Teaching the Swimming Kick: Stage 1

When you’re teaching your kids to kick, you can take advantage of time outside the swimming pool to work on this skill.

How to Teach Your Kids to Kick without a Swimming Pool

Have your child sit in a chair and follow these steps to teach him the important points of the swimming kick.

  1. Demonstrate what it means to flex and to point, and have him practice it without any kicking motion.
  2. Have him hold still while you move his feet for him from flexed to pointed and back again, so that he really feels the ankle and can isolate that feeling.
  3. Have your child sit on the edge of the chair and brace himself with his hands. Ask him to lean his torso back slightly for balance and kick from the hip, keeping his legs straight, his ankles loose, and the kick small and narrow.

Use this opportunity to touch his upper thigh to show him where the work is being done.
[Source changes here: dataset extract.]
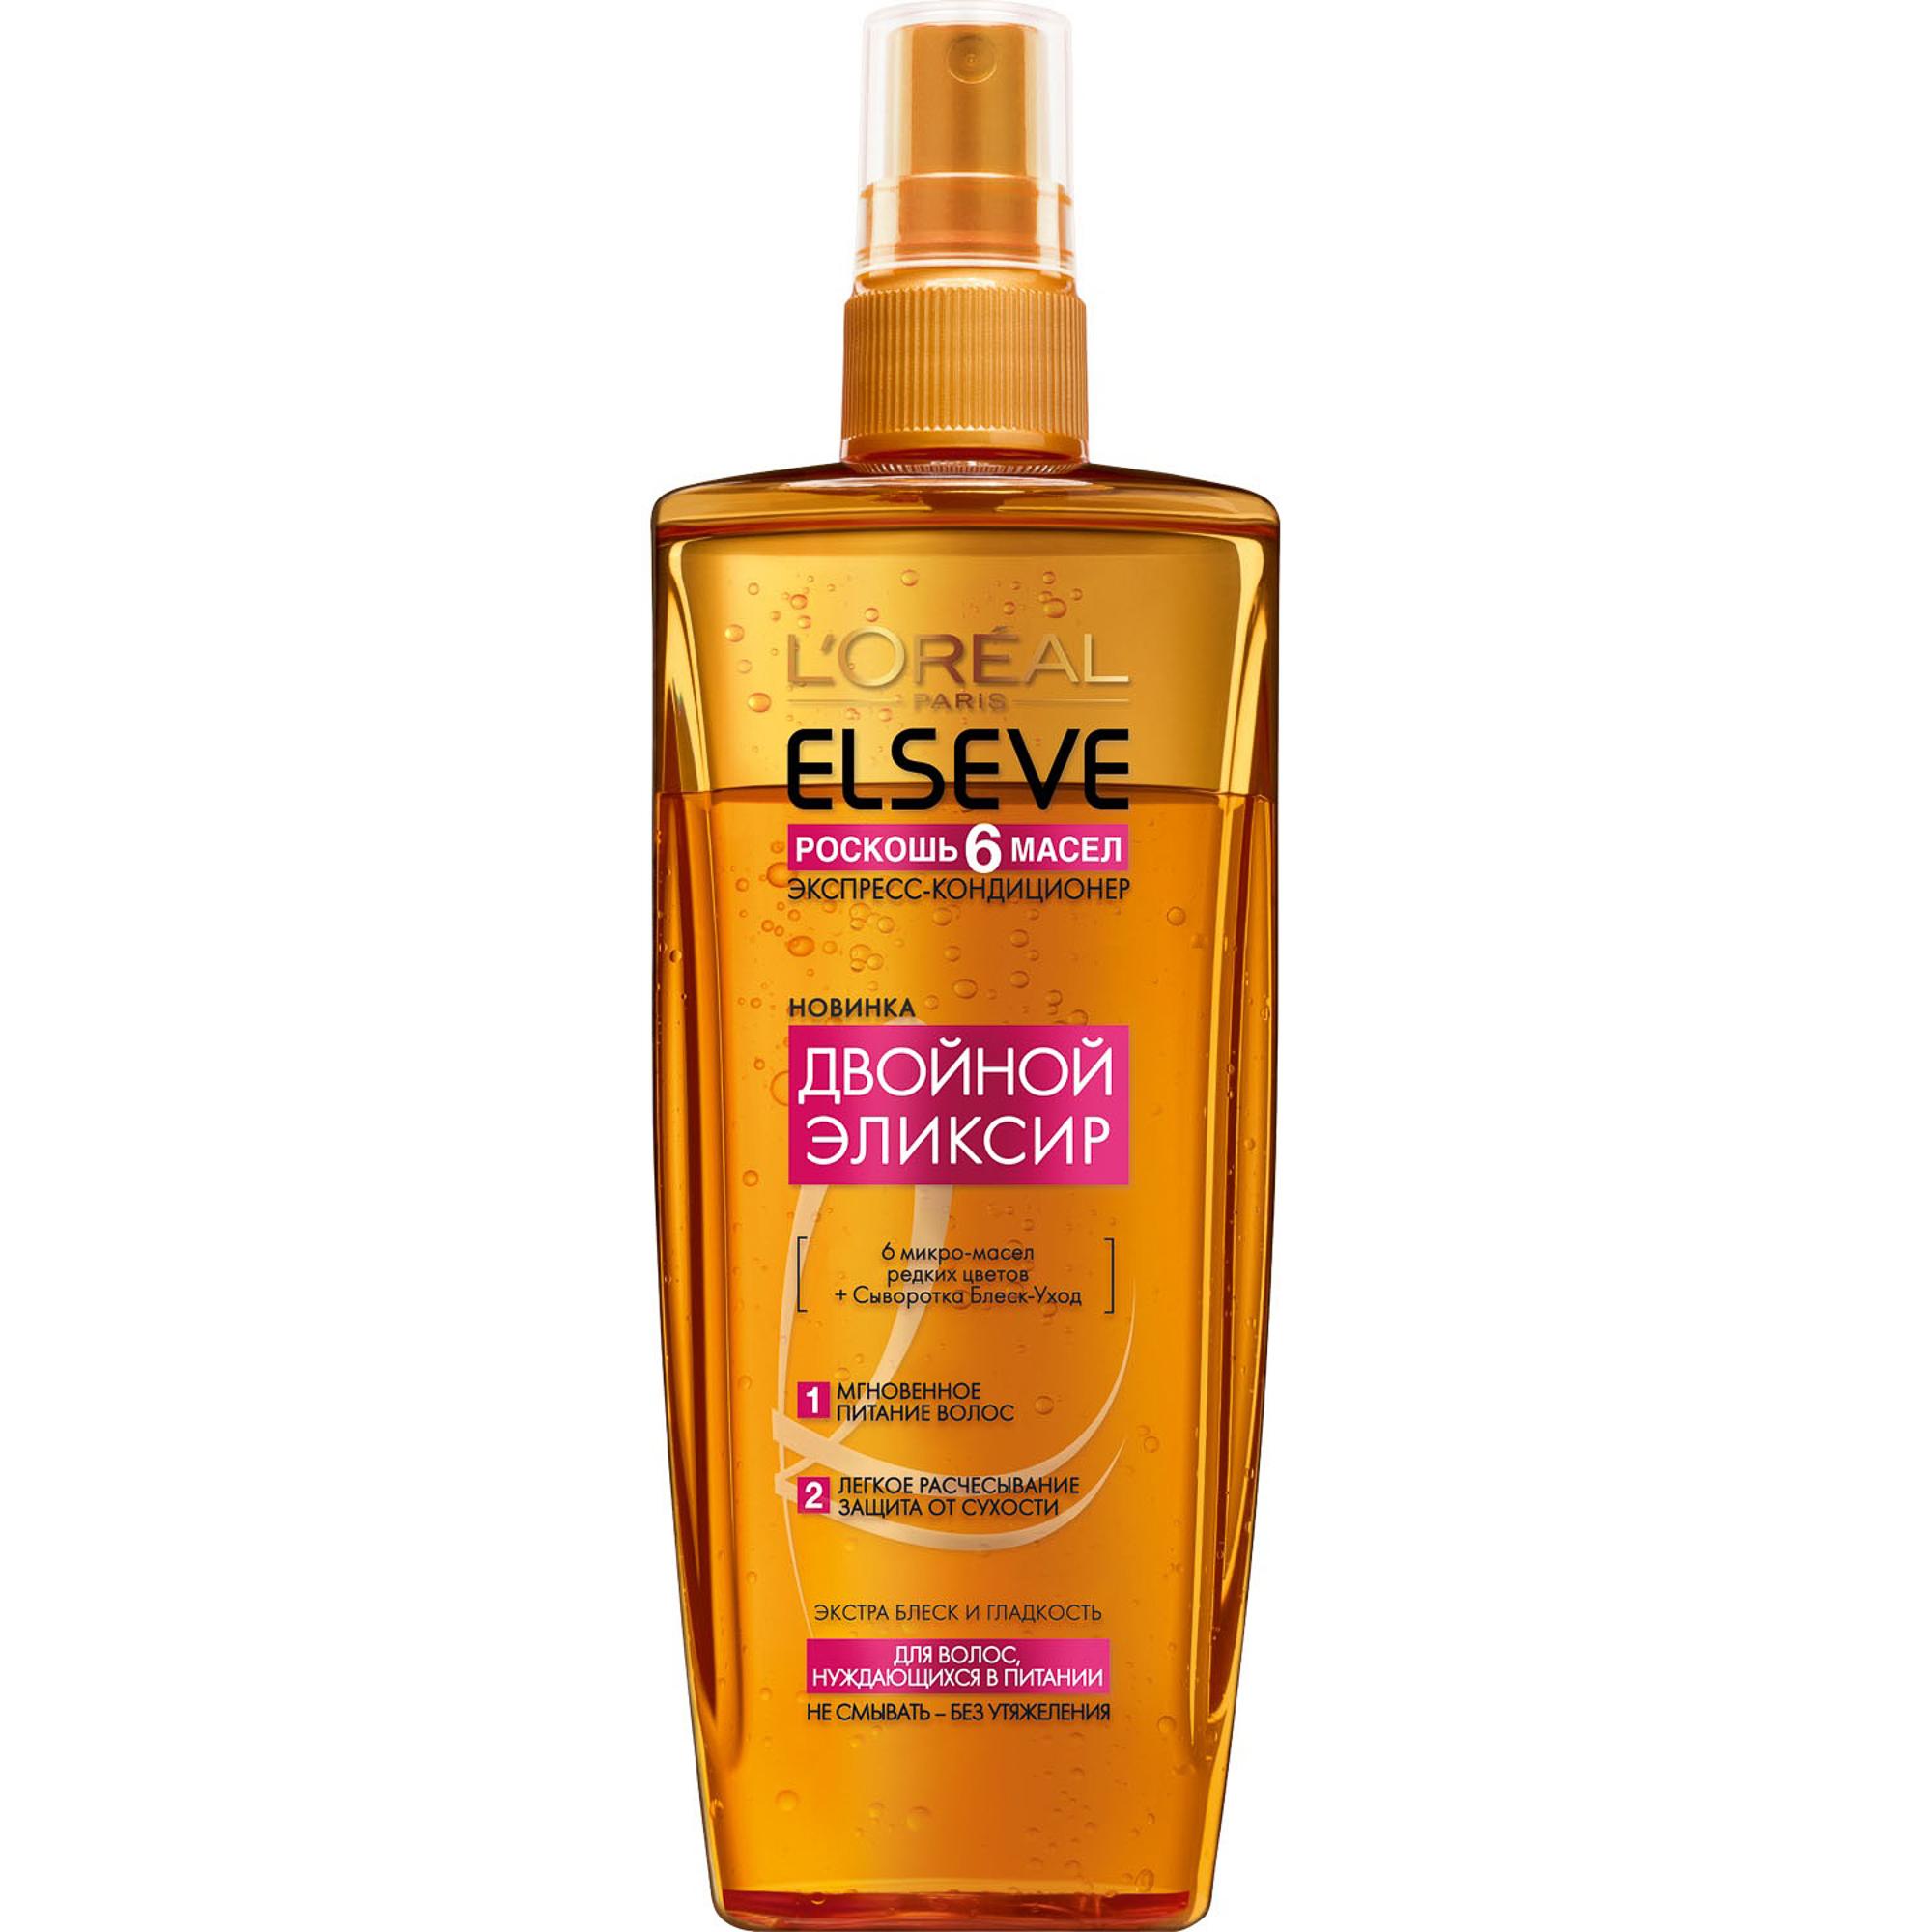 Экспресс-Кондиционер Двойной Эликсир Роскошь 6 Масел (Для волос, нуждающихся в питании) 200 мл

He won’t get a great sense from this exercise for how important the ankles are, because air resistance is so much less than water resistance, but he will get a good feel for keeping his legs straight and for the range of motion from the hip.

6 Keys Aspects of the Swimming Kick to Focus on When You Teach

In most strokes, kicking provides stability for your body while the arms provide most of the propulsion. The kick helps your body to stay aligned. In the early learning stages, having a solid flutter kick will help stabilize your child as he learns to position his body in the water and to use his arms to propel himself. Here are six important aspects of the kick to focus on.

The key to the kick is coordination and ankle flexibility.

Six Aspects of the Kick to Focus On

  1. There should be a lot of movement in the ankle, but from the hip to the ankle should be supple but almost straight. The knees should bend very little. It’s not like pedaling a bike. Think length and flow.
  2. Use the muscles at the top of the thigh to move the whole leg.
  3. The leg shouldn’t have side-to-side movement.
  4. The kick should be narrow, with ankles fairly close to each other.
  5. The kick isn’t long like a stride on land is. The up-down movement should be contained within the movement of the water that your arms creates. You can feel this area when you move your body. When you get to the part of the water that hasn’t been moved by your body, your leg will feel more resistance. Keep your kick out of that higher-resistance water.
  6. Ankle flexibility is really important. While your whole leg moves, the foot is like a flipper that provides most of the benefit of the movement. It should feel like you’re trying to flick a shoe off your foot.

Time to Play! Going Underwater

Kids learn by playing. The more you can make learning to swim fun for your kids, the more they’ll like it, the quicker they’ll learn, and the more fun you’ll have teaching them. Once your kids are comfortable going underwater, try this game to help them develop this swimming skill without realizing they’re practicing.

Play duck. Quack on the surface together and then dunk your heads under to look for food. Did you find any? Can ducks quack while they’re underwater? What do they see while they’re under there?

Teaching Your Kids to Go Underwater: Mastery

Once you’ve got taught your kids the basics of putting their heads underwater, you can help them develop mastery of this swimming skill. Here’s how to do it.

Tips for Teaching Your Kids to Master Going Underwater

  1. Practice going underwater together, holding your child securely against your body.
  2. Explain what you’ll be doing. If your child expresses fear, don’t do it. Work towards it instead. Keep practicing putting his head in the water face first.
  3. Count to three. Rise up a little with a fairly quick, sharp movement, make a big show of taking a loud deep breath, complete with puffed out cheeks. For a lot of kids, the quick, sharp lift triggers an intake of breath. Quickly and smoothly lower both of you under water for just a second, maintaining eye contact the whole time, even under water.
  4. If you move slightly sideways into the water as you go under, water is less likely to get into your child’s nose. You can try having your child hold his nose with his fingers the first few times if he’s worried about his nose. Once he gains confidence, do it without holding the nose.
  5. If your child sputters, demonstrate a little cough to clear your own throat. Praise and explain that it will get easier.
  6. Keep practicing and repeating this exercise, gradually extending the time under water to a few seconds. When he feels really comfortable, go underwater together having him hold onto you by your arms, so that there’s plenty of space between your bodies and he has a strong feeling of independence in the movement.
  7. As a last step toward mastering putting his head underwater, have your child hold onto the edge of the pool with you nearby but not touching him. Have him put his own head under the water, preparing himself and choosing for himself when to resurface.